1-D Random Walk Analysis on Transient/Recurrent

Question

If we consider the 1-d random walk $(X_n)_{n \in N}$ on the set of all integers with transition probability that $p_{ij} = p$ if $j = i + 1$ and $p_{ij} = 1-p$ if $j = i - 1$, how can we obtain the $p_{00}^{(2n+1)}$ and $p_{00}^{(2n)}$. I think we may assume $p_{00}^{(2n)}$ as the number of ways to move $n$ times forward and $n$ times backward. Also, how can I show whether the state 0 is transient/recurrent depending on the value of $p$?

Answer 1

1. Obviously, $p_{00}^{(2n+1)} = 0$, for any $n \in N$.
   Since this is a 1-d random walk, we know that $X_{2n} \sim Binomial (2n, p)$. It can be showed: taking a particular ordered sequence of $n$ forward steps and $n$ backward steps is $p^n(1-p)^n$, thus we can obtain $$ p_{00}^{(2n)} = \frac{(n+n)!}{n!n!}p^n(1-p)^n = \frac{(2n)!}{n!(2n-n)!}p^n(1-p)^n. $$

2. By Stirling's formula, $$ p_{00}^{(2n)} = \frac{(2n)!}{n!(2n-n)!}p^n(1-p)^n = \frac{[4p(1-p)]^n}{\sqrt{n \pi}}, $$ we let $$ a_n = \frac{[4p(1-p)]^n}{\sqrt{n \pi}}, $$ and then we can use the ratio test for $a_n$. $$ \lim_{n \to \infty} |\frac{a_{n+1}}{a_n}| = 4p(1-p), $$ since $p \in [0,1]$ and $4p(1-p) \in [0,1]$. This indicates that the convergence of test depends on the value of $p$.
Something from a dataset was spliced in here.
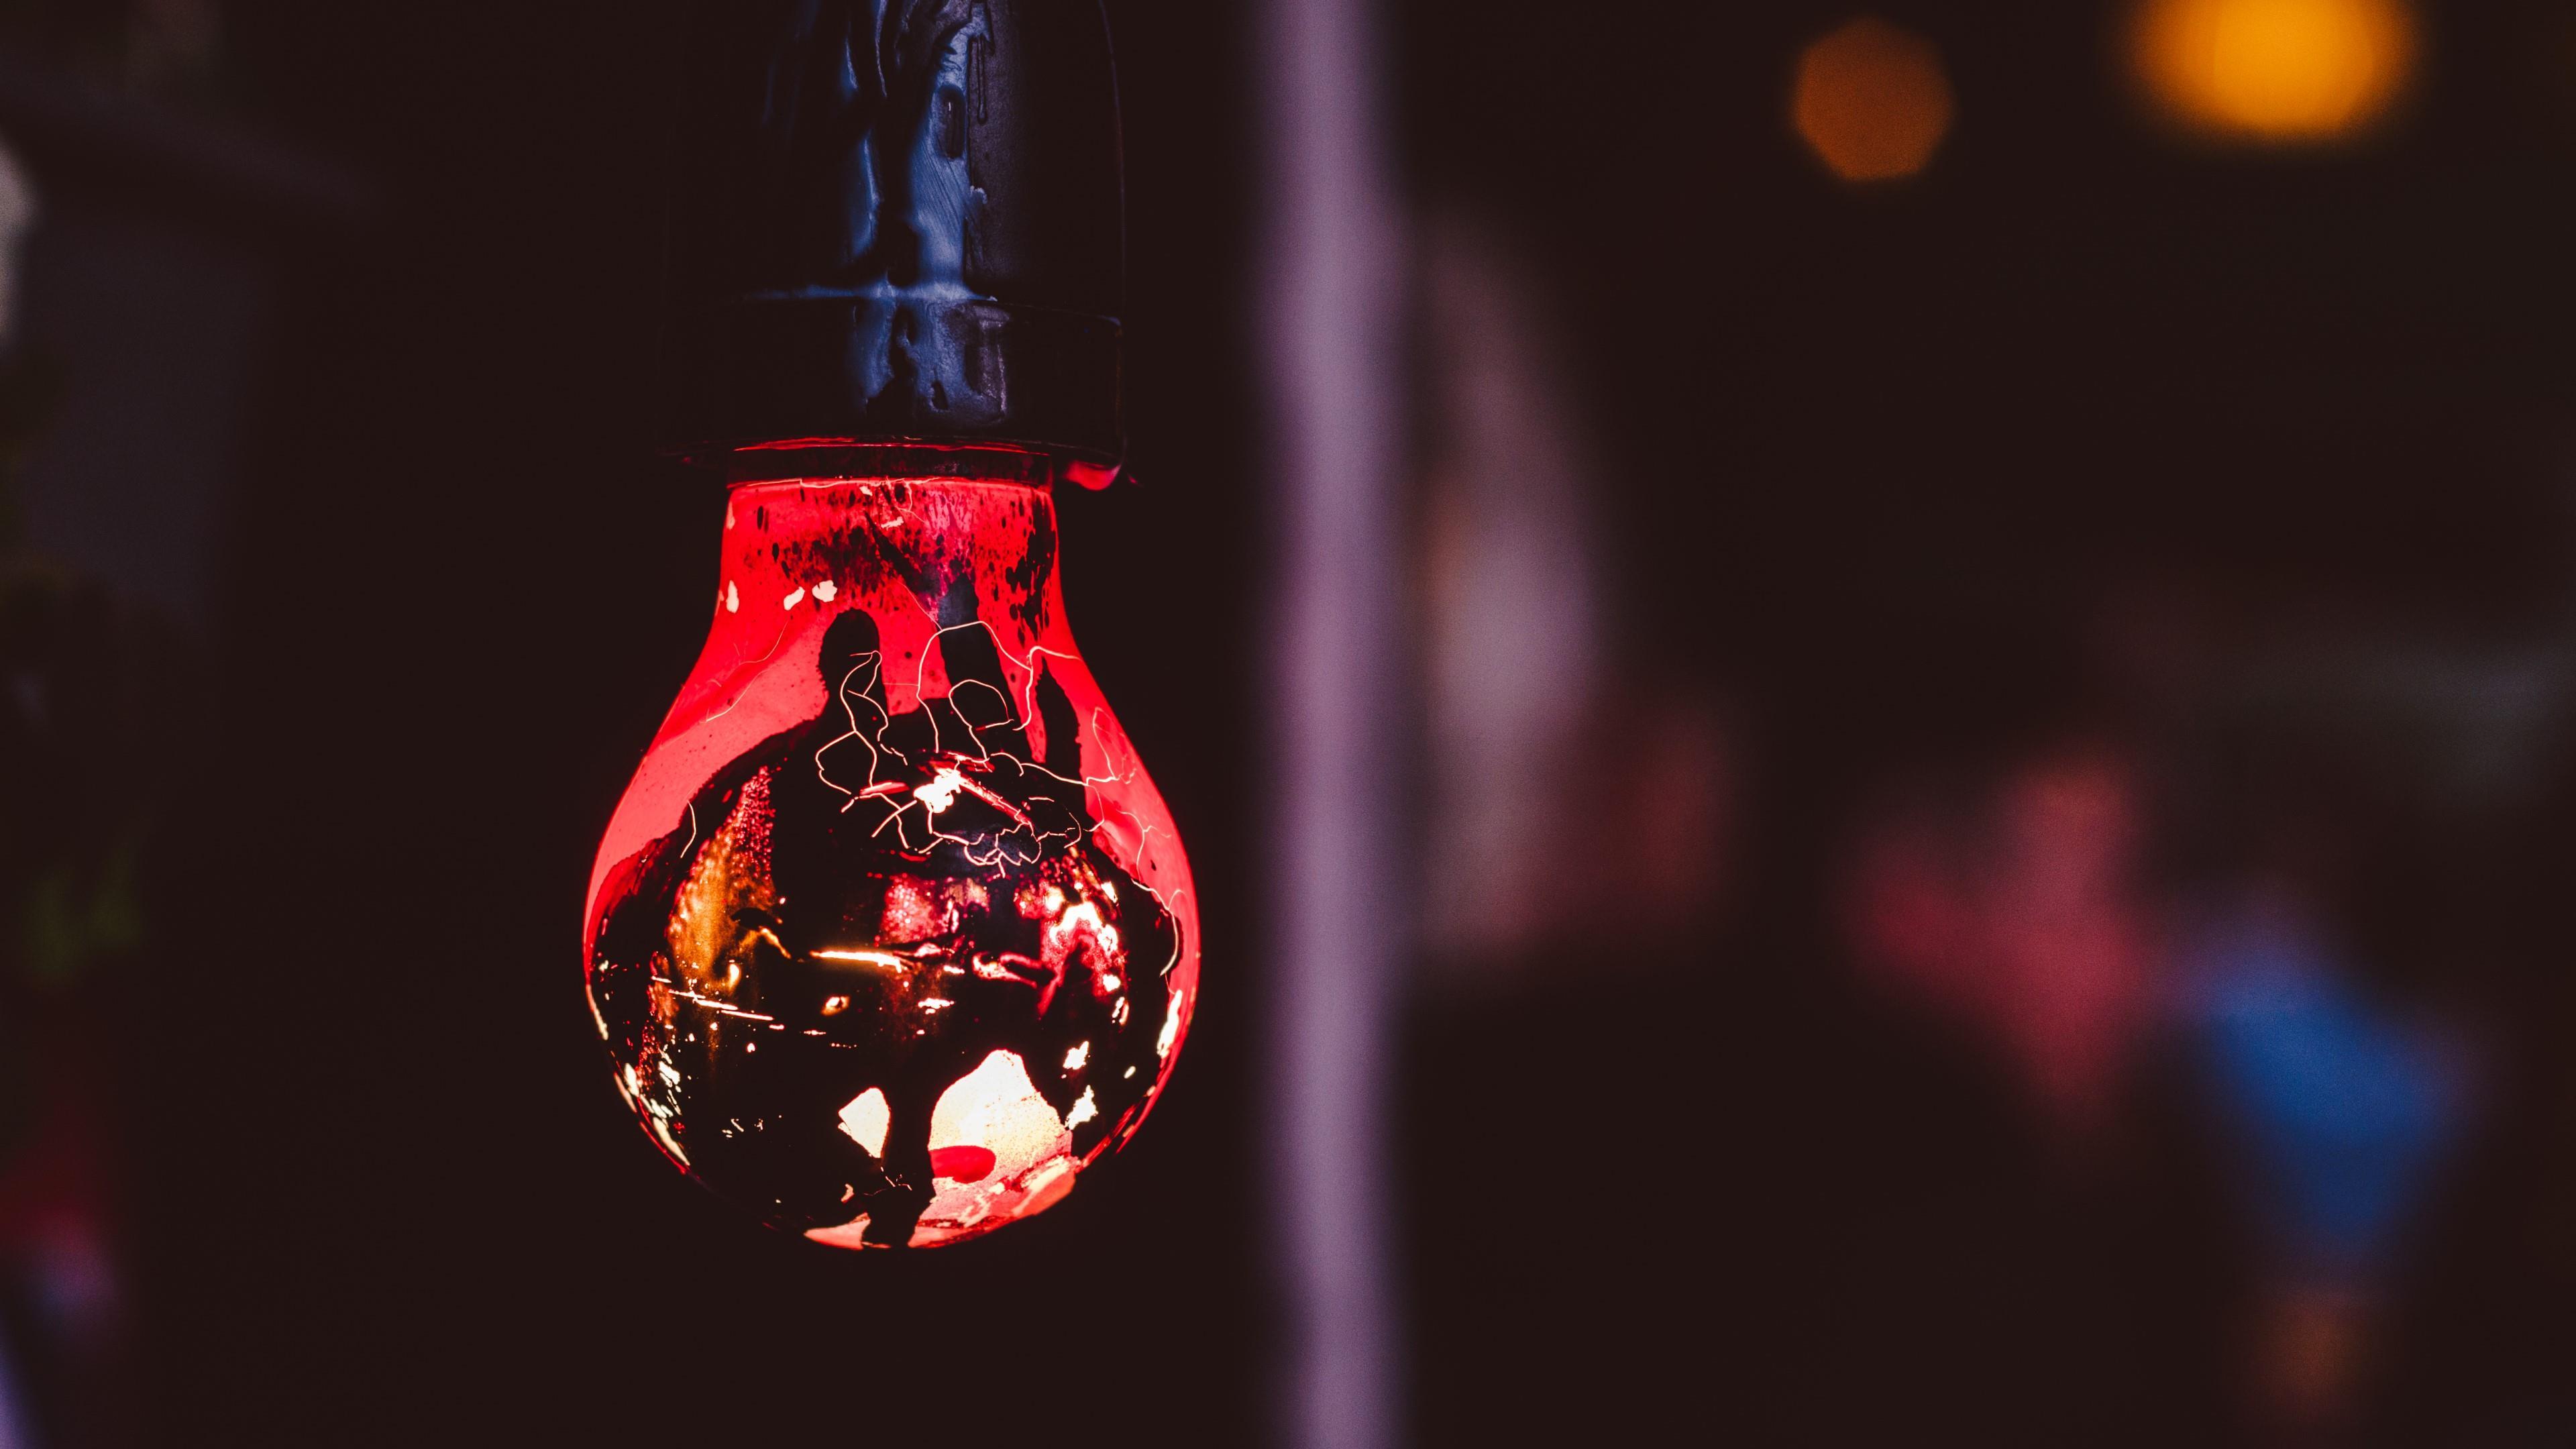 red light bulb wallpaper hd 65929

1). Consider $p = \frac{1}{2}$, we can obtain $$ a_n \sim \frac{1}{\sqrt{2 \pi n}} $$ Since $a_n \sim \frac{c}{\sqrt{n}}$, where $c = \frac{1}{\sqrt{2 \pi}}$, then we can get $$ \sum a_n = \sum p_{00}^{(2n)} = + \infty, $$ which indicates the state $0$ is positive recurrent.

2). Consider $p \neq \frac{1}{2}$, the ratio test shows that $\sum p_{00}^{(2n)}$ is convergent. By Cauchy criterion, $$ \lim_{n \to \infty} p_{00}^{(2n)} = 0, $$ which implies the state $0$ is transient.